AntoniaJames July 20, 2021
Here's another perspective that I find quite intriguing: https://www.thekitchn.com/stop-youre-freezing-your-pie-fillings-all-wrong-23048254

I've never done this with berry pies (and generally probably wouldn't do it with any pie for environmental reasons - I just don't like using aluminum foil unless it's absolutely necessary) but I see that this team has found it okay to freeze pie fillings thickened with cornstarch - and suggests adding a bit more on the pie shell itself to soak up extra liquid caused by freezing.

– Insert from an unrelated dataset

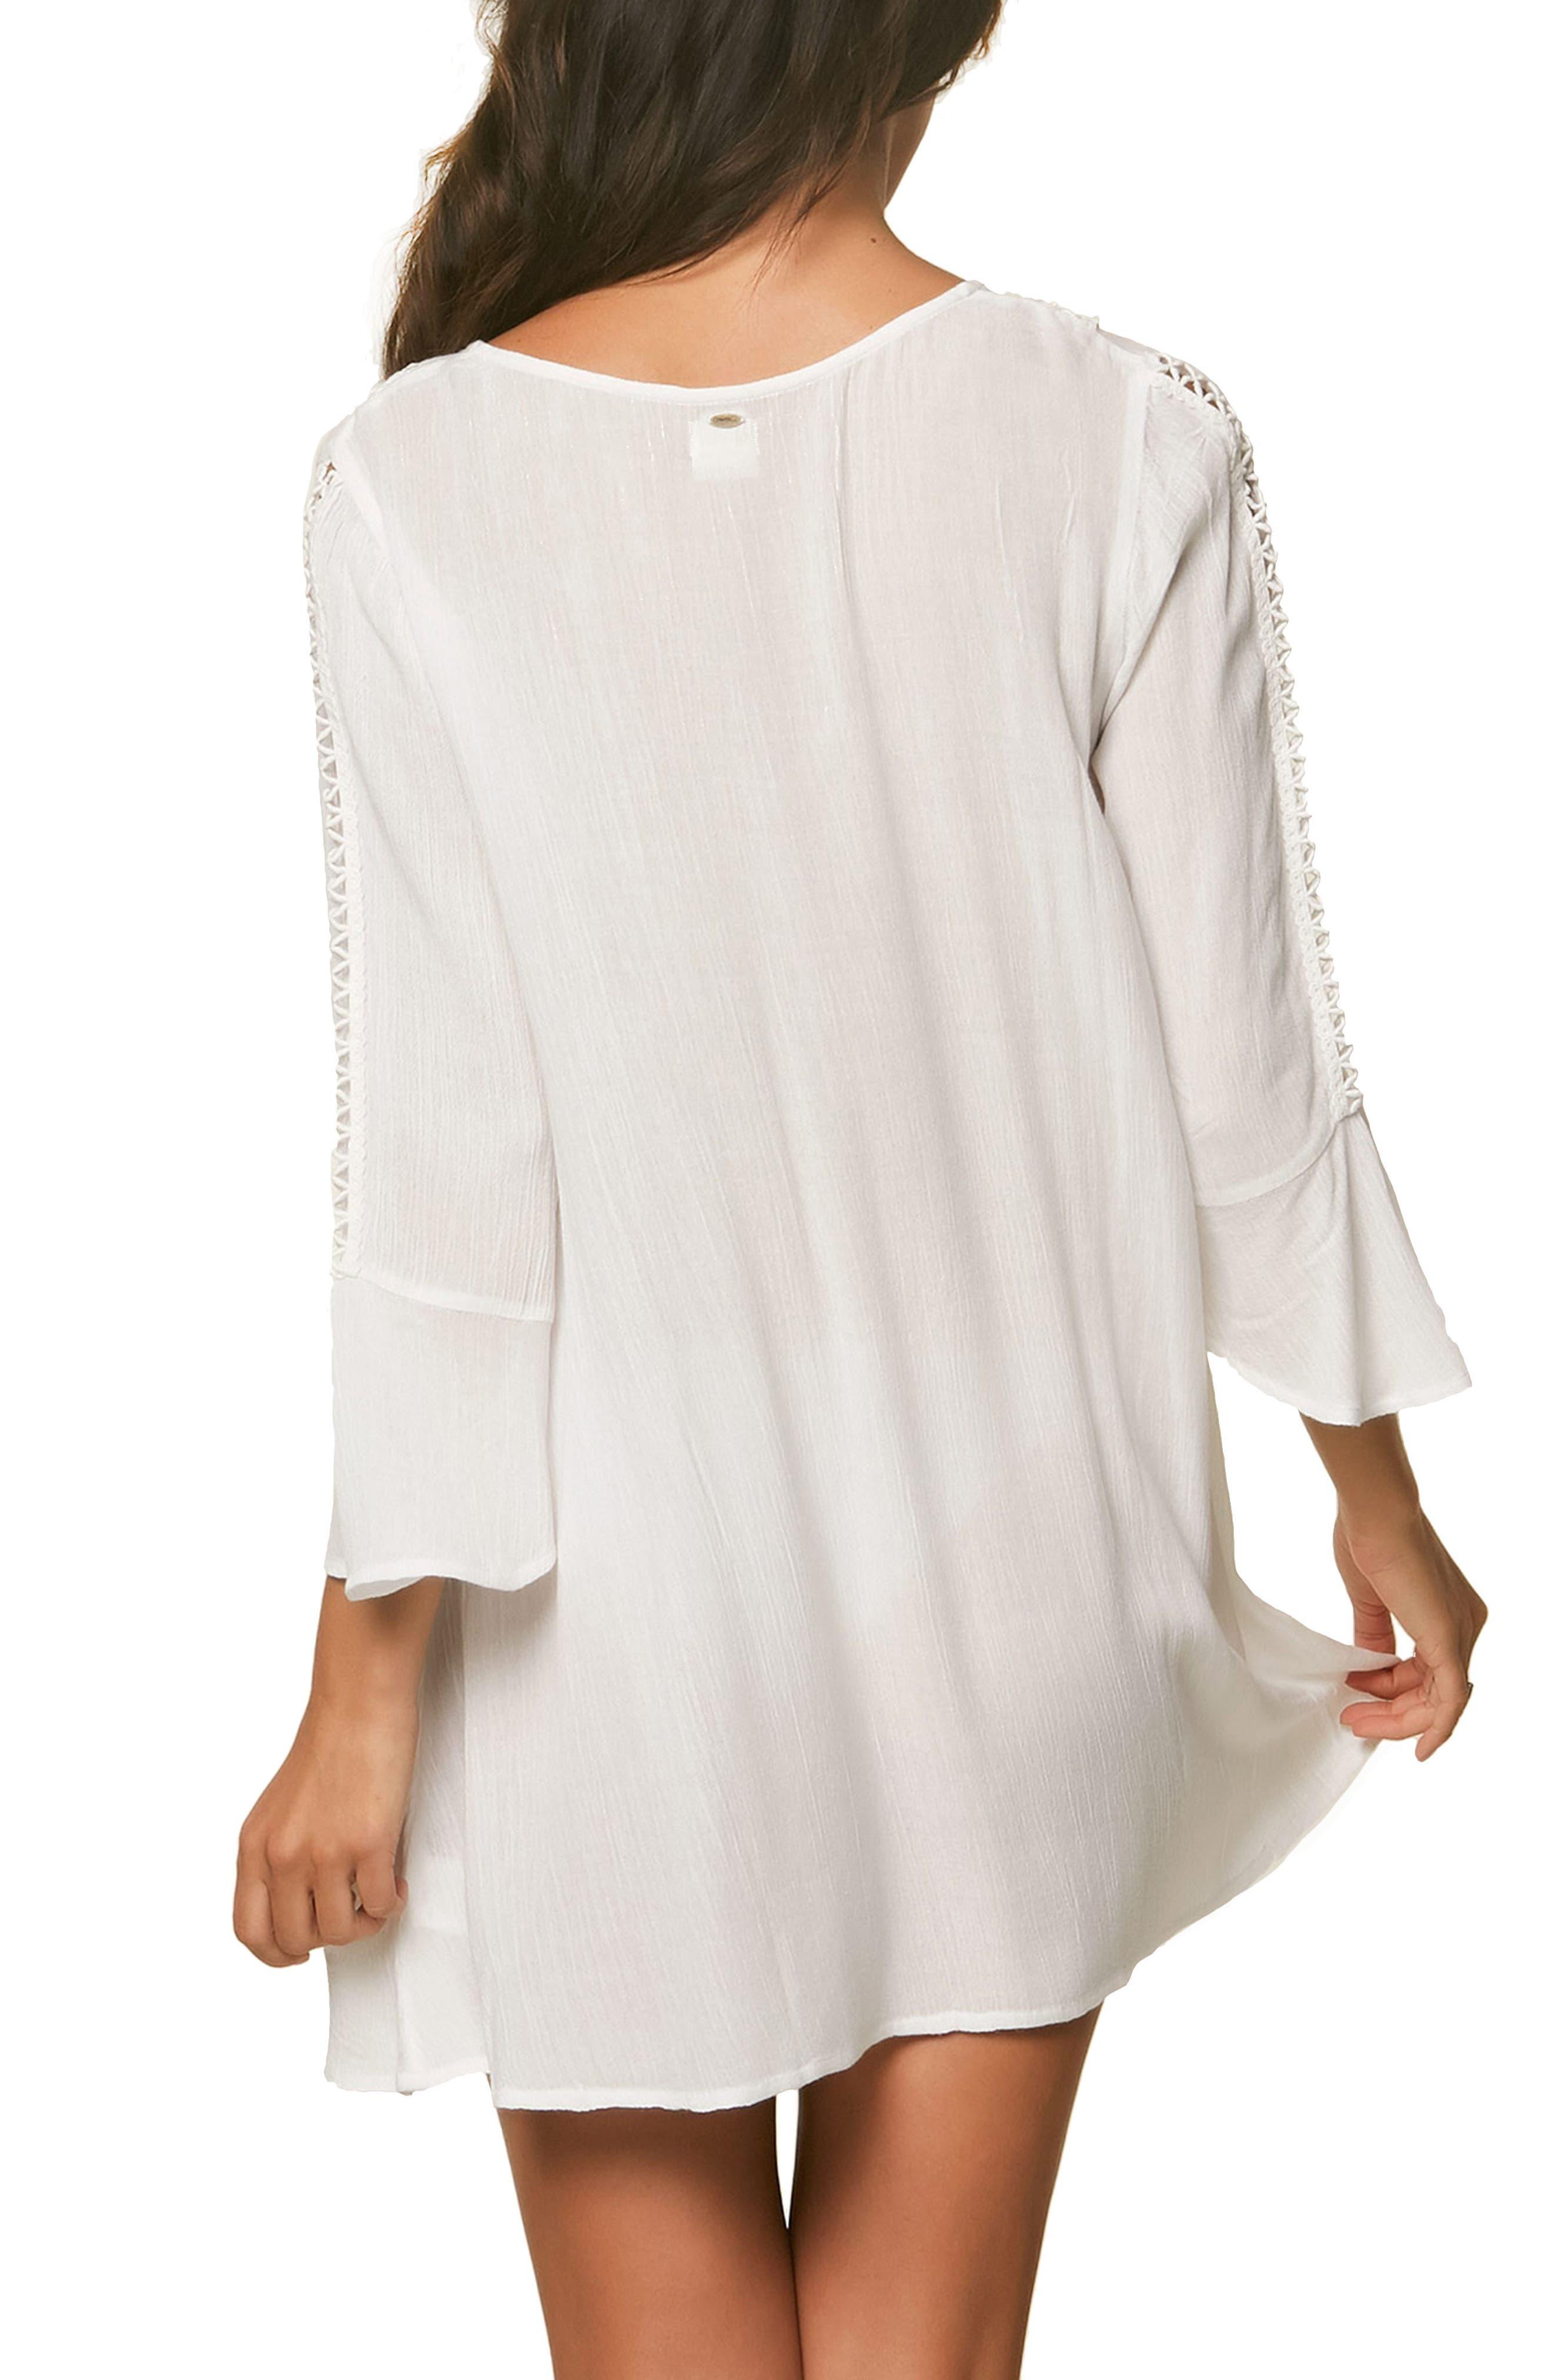 Estella Cover-up Dress,                             Alternate thumbnail 2, color,                             White
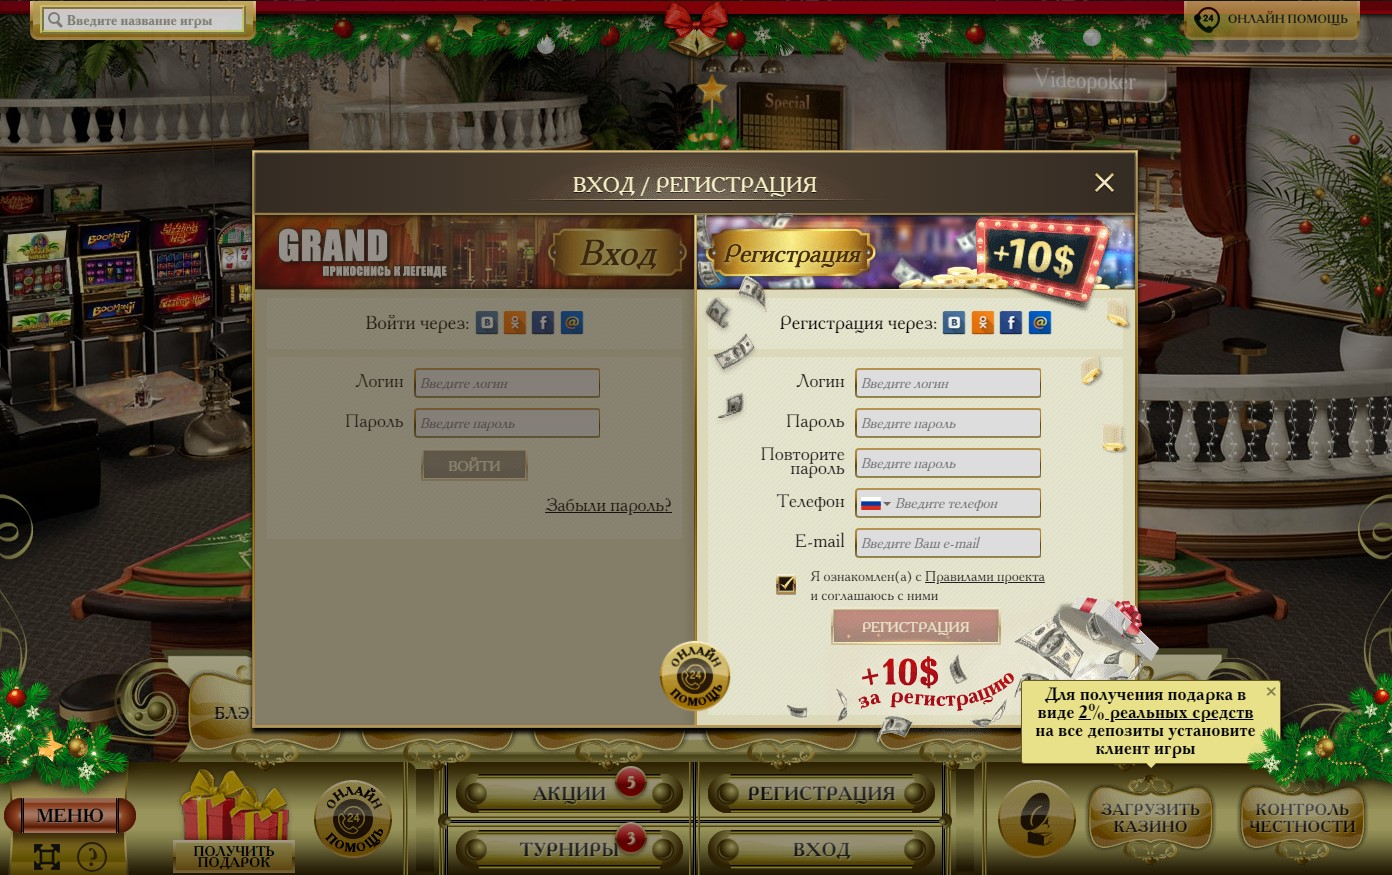 Grand Casino - Официальный сайт

(Going a bit off-piste here) I might add that reading about this technique inspired me to do something similar for apple crisps. I'm feeding only two of us now, so I generally make our fruit crisps in small rectangular Pyrex brand glass containers, so I can easily cover the leftovers with the lid. Inspired by this, I tested lining it with compostable parchment paper and then baking the crisp as usual. I then cooled and froze the crisp, but before it was frozen solid, I gently lifted it out, tightly wrapped it in freezer paper, and froze it. When I wanted to heat it and serve it a few months later, I simple unwrapped it, dropped it (parchment and all) into the same container in which I made it, and baked it at 350 until the fruit started the bubble and the crisp topping was, well, crisp. It worked like a charm! ;o)
 
Lori T. July 19, 2021
Cornstarch doesn't freeze well, so I don't recommend you do that. It could end up spongy, or it could well break on cooking the pie. There is a cornstarch product made specifically for canning purposes, most often sold as Clear Jel, among other names. It is recommended by the FDA and is the starch used by commercial food producers to thicken their products. You can buy it lots of places on the great interwebs, Amazon among them, and sometimes at local farm stores. What you don't use for canning, you can always use in the kitchen the rest of the time just like regular cornstarch. There are two types, cook and no-cook. For the purposes of canning pie filling you want the cook sort. The no cook variety is good for stabilizing whipped cream and thickening up a runny salad dressing, or other cold prep items.
 
aargersi July 18, 2021
I would freeze them separately and then assemble and bake the pie when you’re ready. Seems like the crust might get soggy otherwise
 
AntoniaJames July 19, 2021
I agree, but would note that after freezing, you'll probably want to cook the filling down a bit, as fruit once frozen and thawed - even when cooked beforehand - always seems to be a more watery than it was before freezing. ;o)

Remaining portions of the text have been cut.